## Work required
The response should repeat word for word every line below from the one with "Após 30 anos, EA" to the one with "Los Angeles, California, Stati", inclusive, and nothing else; leave pictures out.

## Entries shown
-- Opening Marker --

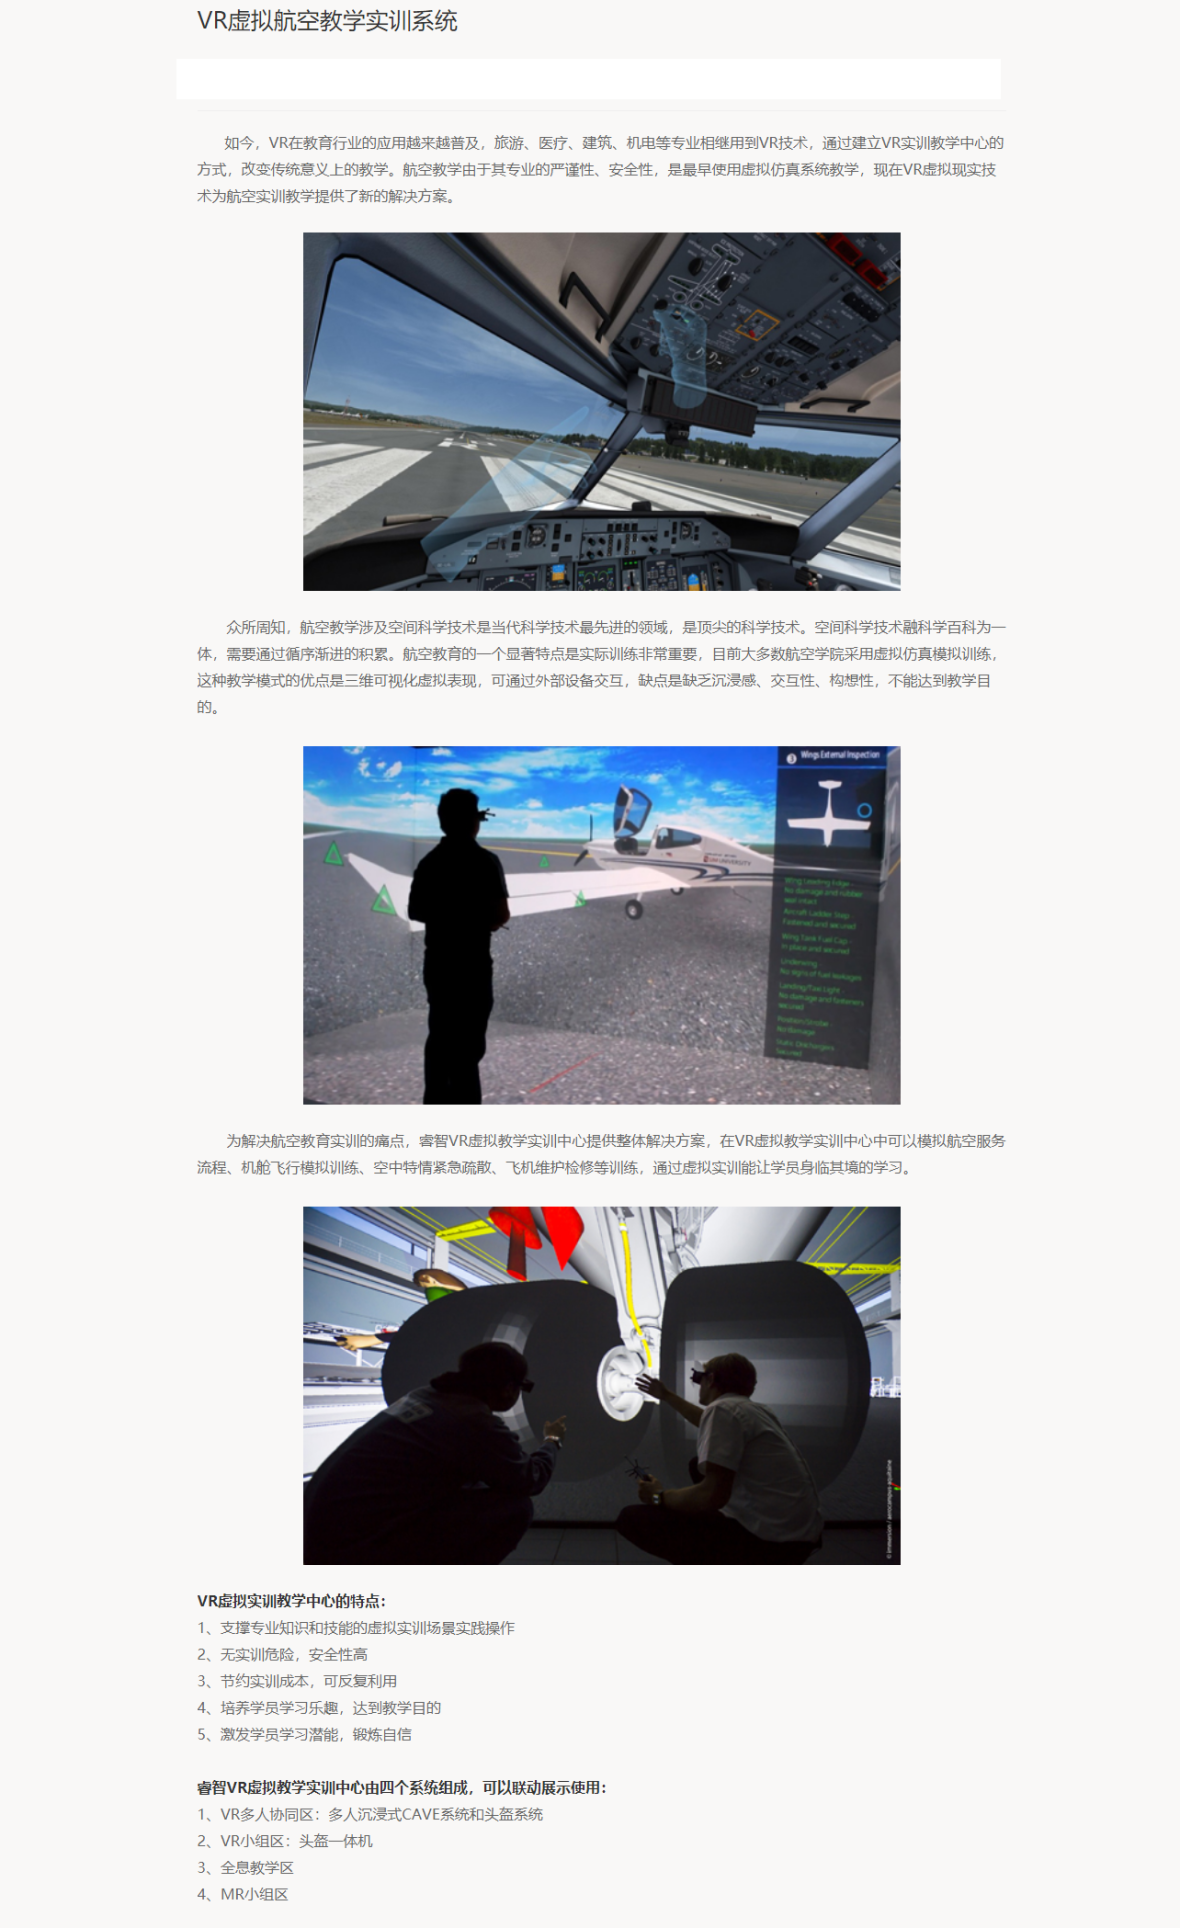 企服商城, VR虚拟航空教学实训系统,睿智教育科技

-- Closing Marker --
-- Opening Marker --

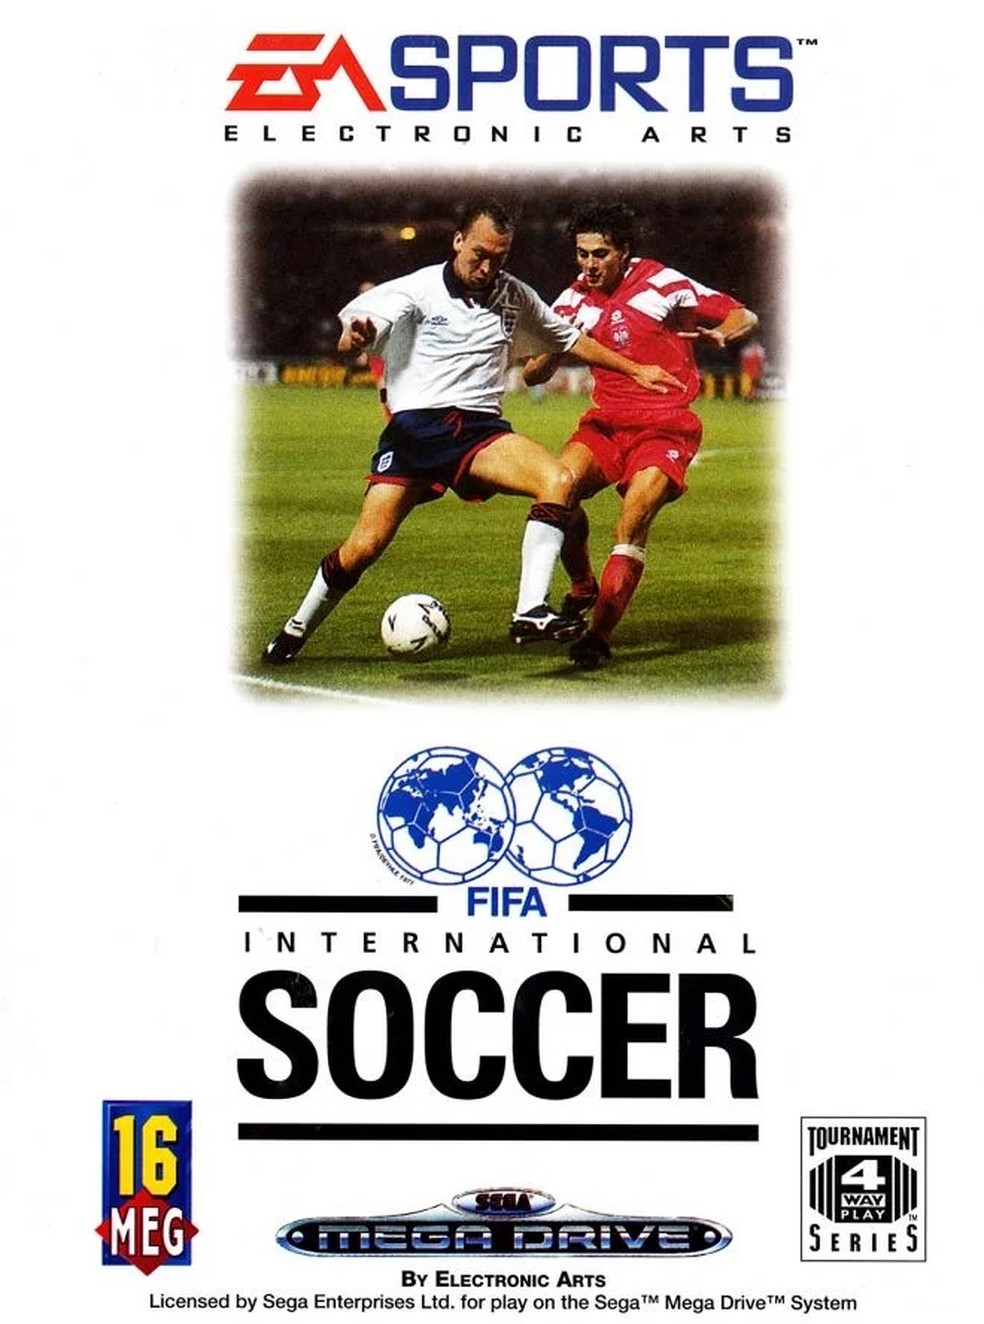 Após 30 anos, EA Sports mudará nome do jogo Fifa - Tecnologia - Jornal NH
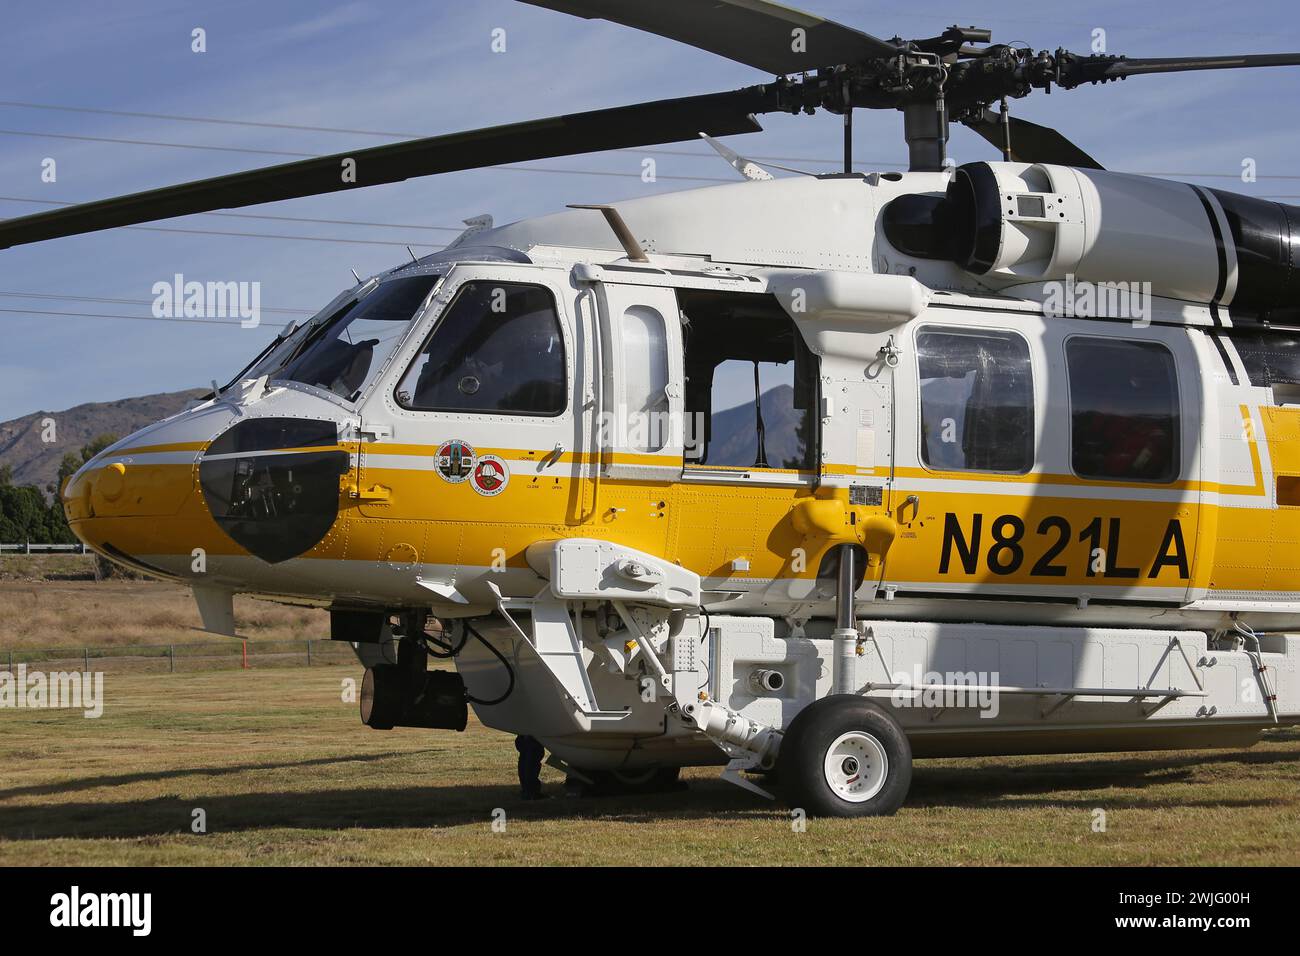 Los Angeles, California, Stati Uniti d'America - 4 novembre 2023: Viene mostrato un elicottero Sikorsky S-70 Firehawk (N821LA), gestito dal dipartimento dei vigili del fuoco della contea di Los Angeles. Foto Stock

-- Closing Marker --

## Final answer
 Após 30 anos, EA Sports mudará nome do jogo Fifa - Tecnologia - Jornal NH
 Los Angeles, California, Stati Uniti d'America - 4 novembre 2023: Viene mostrato un elicottero Sikorsky S-70 Firehawk (N821LA), gestito dal dipartimento dei vigili del fuoco della contea di Los Angeles. Foto Stock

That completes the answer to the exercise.